Поэтому все «аспекты» конкретизируются, раскрываются в таких определениях, которые составляют оппозицию друг другу. Скажем, форма (один из «аспектов») определяется через «прямое» и «кривое», «непрерывное» и «прерывистое», «круглое» и «угловатое» и т. д. «Прямое» и «кривое» – в равной степени формы. Но если в «прямом» форма совпадает с собой, и поэтому «прямое» есть форма, то «кривое» сознается как «иное», или как «свое иное» формы, и в этом смысле «кривое» не есть форма. И наоборот, если за форму принять «кривое», то уже «прямое» будет «отсутствием» формы. (Аспект размера в этом смысле составляет исключение: «большое» и «малое» противоположны, но необратимы; «малое» является отсутствием «большого», но «большое» не является отсутствием «малого».) Точно также обстоит дело с положением: «лежит», «стоит»; с местоположением: «здесь», «там»; и с другими «аспектами».

Противоположные друг другу определения «аспектов» – то, что мы действительно воспринимаем. Нельзя сказать, что мы видим «конкретный предмет» или «аспект» как таковой, но мы видим и осознаем, что данный предмет «большой», «красный», «круглый», «лежит», «здесь» и т. д. Все эти определения мы воспринимаем и мыслим относительно предмета и осознаем характер отношения. Поэтому структура чувственного восприятия совпадает со структурой языка. Язык, как пустая форма, состоит в отнесении определения к сущности, а также в осознании этой отнесенности. Структура языкового высказывания, как мы видели, как раз и задает, определяет собой структуру восприятия. Восприятие не делает эту структуру содержательной: вместо пустых форм возникают конкретные определения. Поскольку структура восприятия и мышления совпадает со структурой языка, и поскольку язык сам задает структуру восприятия и мышления, то нет никакого затруднения в том, чтобы выразить в словах свои чувства и мысли.
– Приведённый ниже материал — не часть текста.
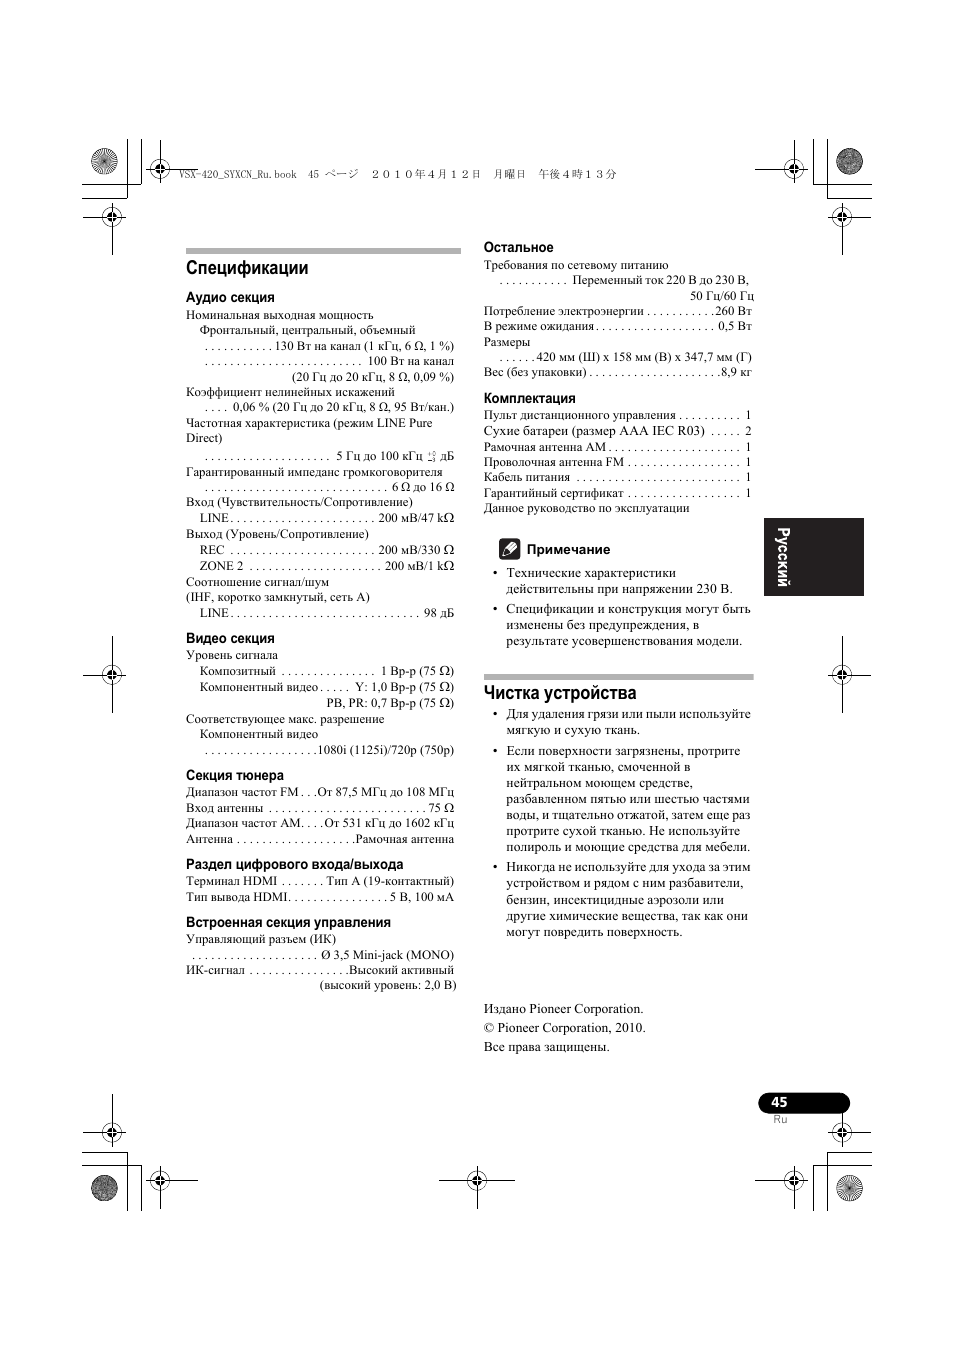 Спецификации, Чистка устройства | Pioneer VSX-420-S User Manual | Page

Знание, таким образом, есть ни что иное, как установление отношения между признаком (назовем признаком то, в чем конкретизируется «аспект», например, «аспект» размера конкретизируется в признаках «большого» и «малого») и предметом. При этом признак может мыслиться как «чистая» форма, как понятие или идея вне связи с каким бы то ни было предметом: как существует идея «размера» как такового, так же точно существуют идеи «большого» и «малого». В отличие от этого предмет – всегда конкретный, «этот» предмет. Поэтому Аристотель говорит, что суждение – это отношение общего к единичному. Но общность признака здесь не означает того, что признак существует в отношении ко многим предметам. Скажем, «размер» можно «возвести в идею», т. е. помыслить как «чистую» форму, даже если существует один предмет, имеющий величину. Соответственно, понятия «большого» и «малого» можно образовать на основании лишь одного сопоставления двух разновеликих предметов. Но, поскольку «большое» и «малое» мы мыслим как понятия, а точнее, как пару взаимосвязанных понятий, мы можем применить их к любым разновеликим вещам, и то, что в одном отношении было «большим», в другом отношении может оказаться «малым». Следовательно, «идеальность» признака, его существование в качестве «чистой» формы и его общность – не одно и то же, и его общность вытекает из его «идеальности».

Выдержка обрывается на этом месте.